Car Saint-Martin et les Saint-Martinois souffrent de nombreux clichés, et beaucoup d’idées reçues, parfois blessants, qui nous empêchent d’avancer. J’espère que cette demande sera enfin entendue, car c’est une attente forte et légitime qui permettra de mieux connaître les réalités locales.
Alors que nous sommes aux avant-postes de la France face au monde américain, caribéen et anglo-saxon, nous avons parfois la désagréable impression d’être punis pour ce que nous sommes : un petit territoire qui vient de subir l’un des pires cataclysmes climatiques de l’Histoire.
Si la vie reprend, la situation est encore critique.
Huit mois après mon élection à la tête de ce Territoire, ma situation est singulière : J’ai hérité de problèmes, mais je disposais jusqu’ici d’outils pour les résoudre. Aujourd’hui, ces problèmes existent toujours, d’autres se sont ajoutés... Mais les outils n’existent plus.
Là où certains avaient des rêves, moi j’ai eu très tôt une vision pour mon territoire. Malgré les difficultés, je suis convaincu que nous sommes devant une formidable opportunité de pouvoir redessiner notre avenir commun.

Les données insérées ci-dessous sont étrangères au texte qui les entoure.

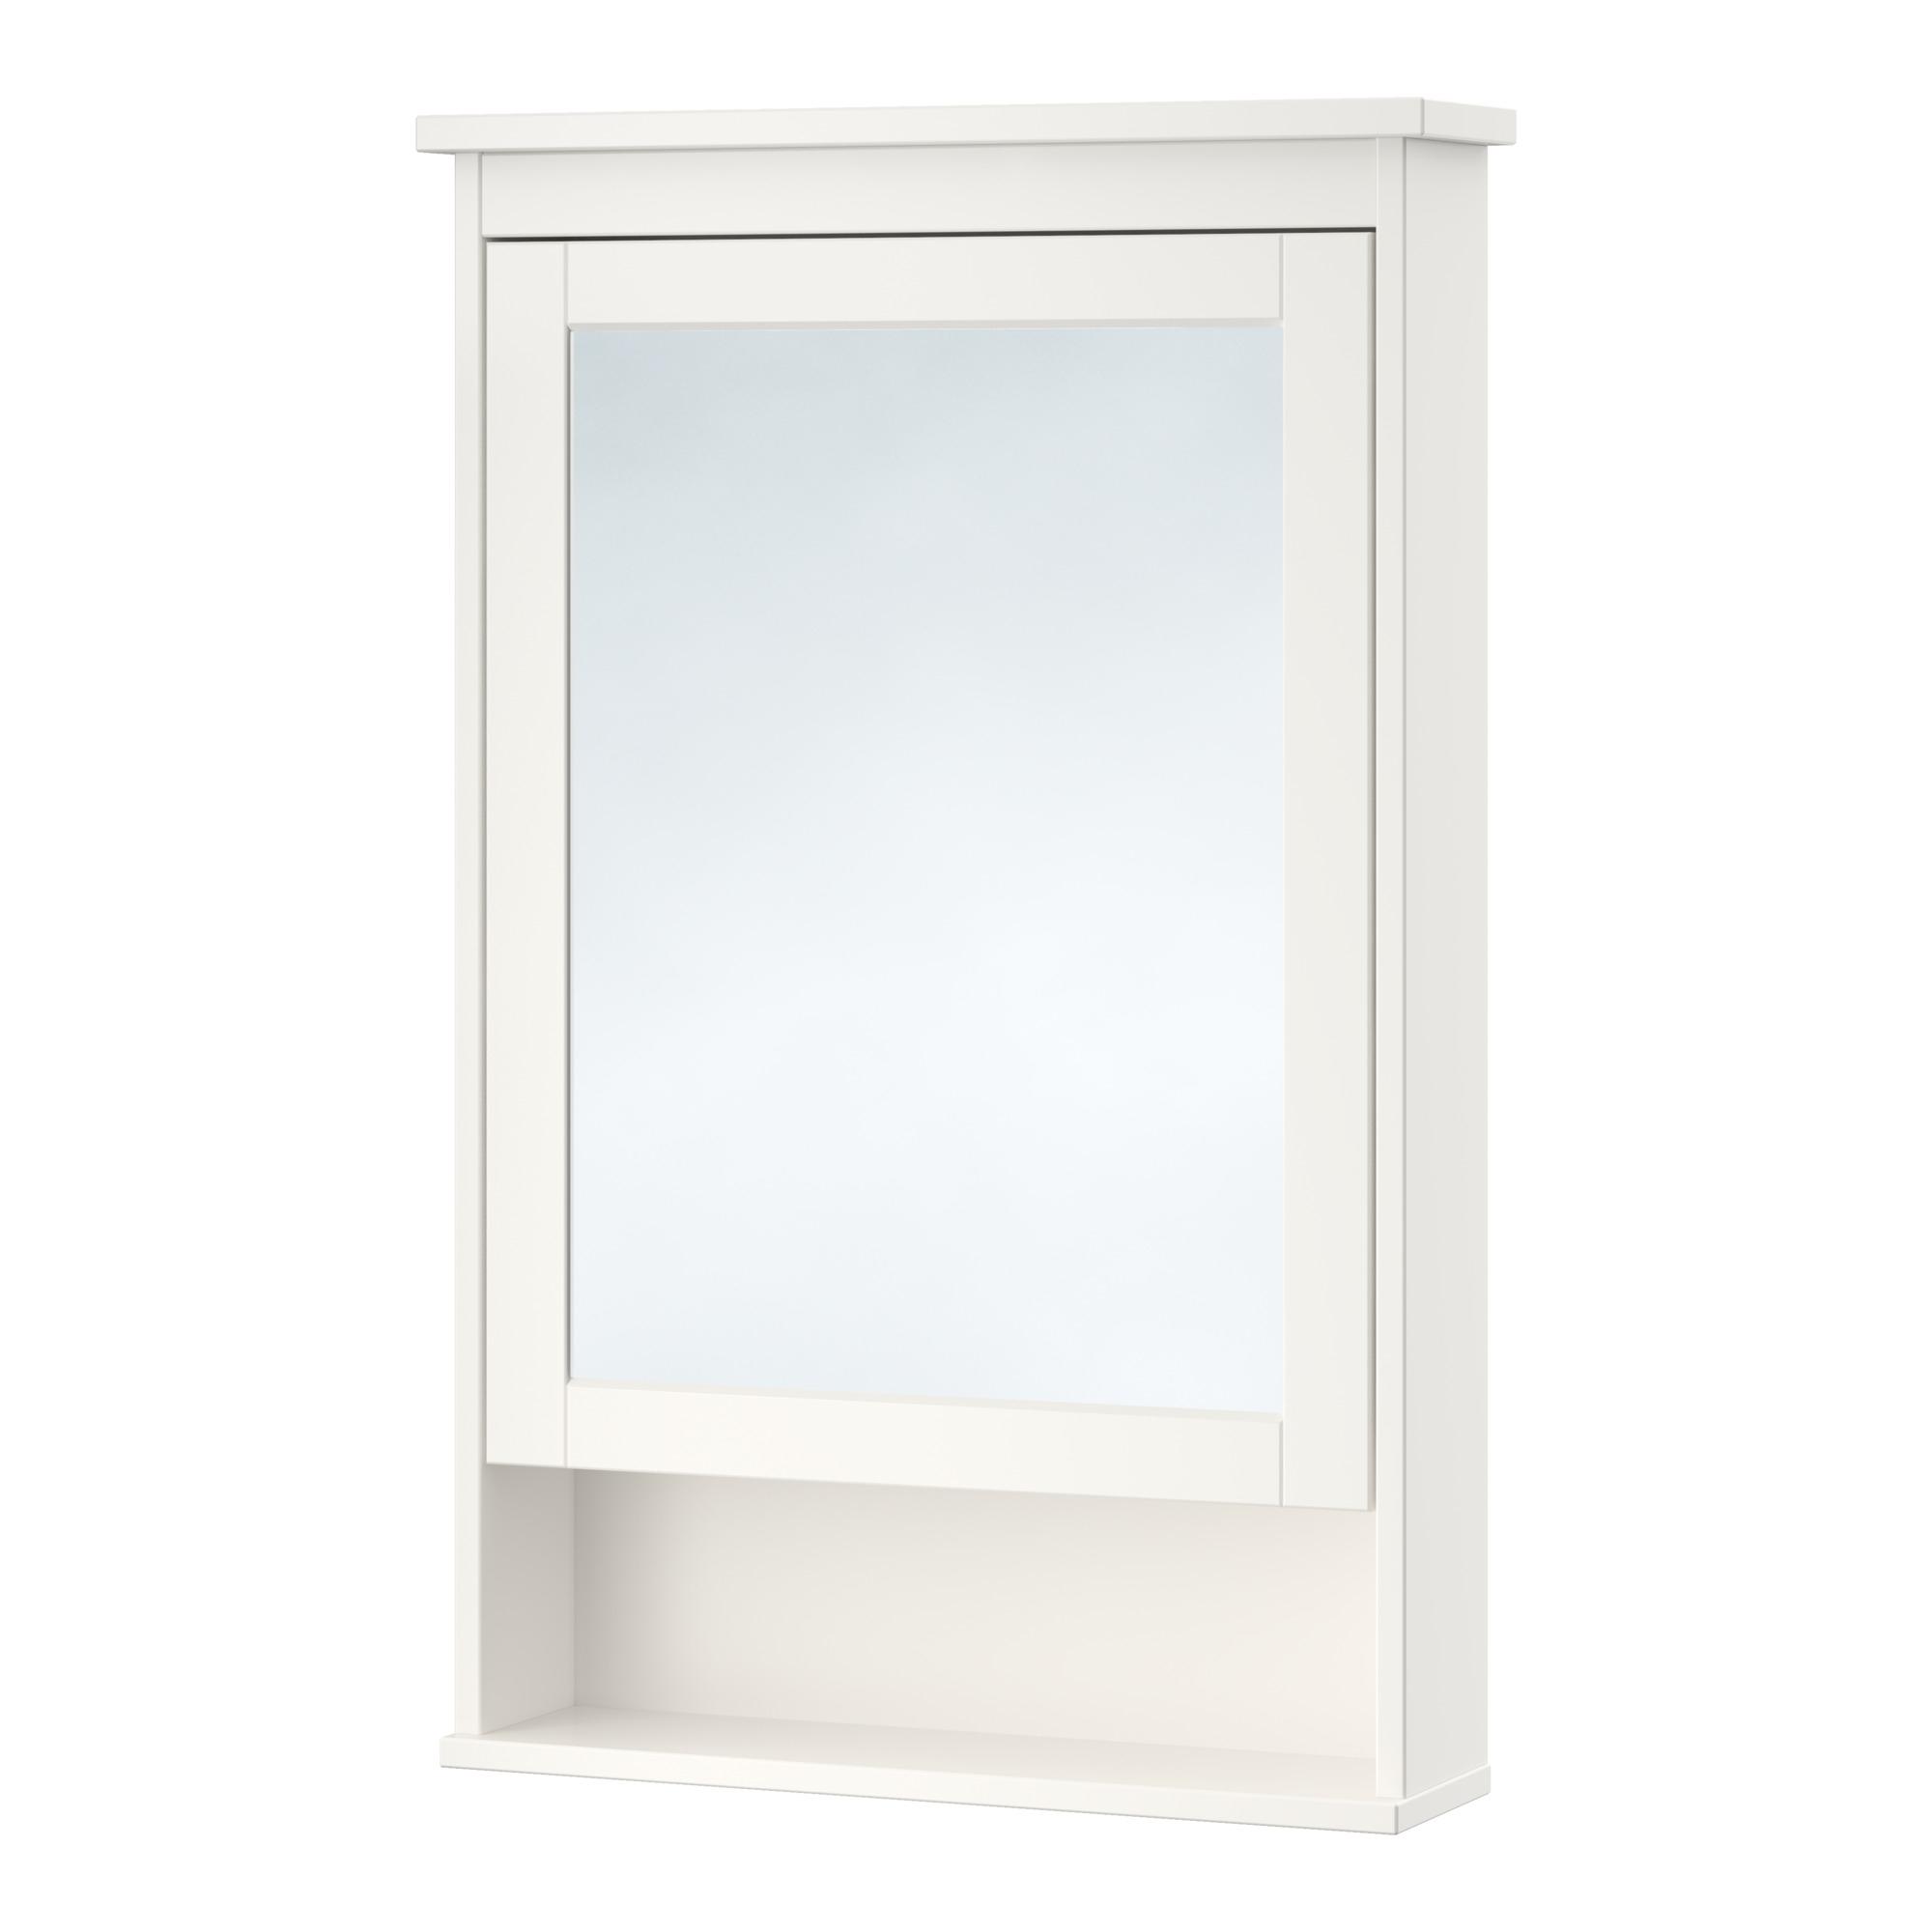 HEMNES Armario con espejo 1 puerta

Voilà pourquoi, j’ai fait miens les mots du Président de la République, et j’ai « bousculé les procédures » au niveau local. Notamment en matière fiscale, en dégrévant la taxe foncière pour donner un bol d’oxygène à nos entreprises, ou encore en matière d’urbanisme, dont je le rappelle nous avons la compétence, en modifiant les règles pour accélérer notre reconstruction.
J’ai tenu à regrouper toutes ces mesures dans un plan de relance, « le Plan Phoenix », pour la relance économique et sociale de Saint-Martin.
Notre territoire bénéficie d’atouts considérables et d’un potentiel touristique exceptionnel. Je n’ai qu’un objectif : redonner aux Saint-Martinois l’espoir d’un territoire innovant et prospère.
En attendant, vous avez pu avoir, ce matin, un aperçu de l’ampleur du désastre. J’ajouterais un aspect inquiétant, qui ne se voit pas : Saint-Martin s’est vidée d’une partie de ses forces vives.
Environ 7 000 personnes auraient, en définitive, quitté l’île. A l’échelle nationale, cela représenterait un exode de plus de 12 millions de Français. Soit la région Ile de France, comme rayée de la carte !
D’autres talents risquent encore de nous quitter si l’espoir ne revient pas, si l’économie ne repart pas... Travailler sur l’attractivité de Saint-Martin, pour faire revenir, et venir, les compétences, du public comme du privé, constituera donc pour moi une impérieuse nécessité ! J’espère y parvenir avec votre soutien.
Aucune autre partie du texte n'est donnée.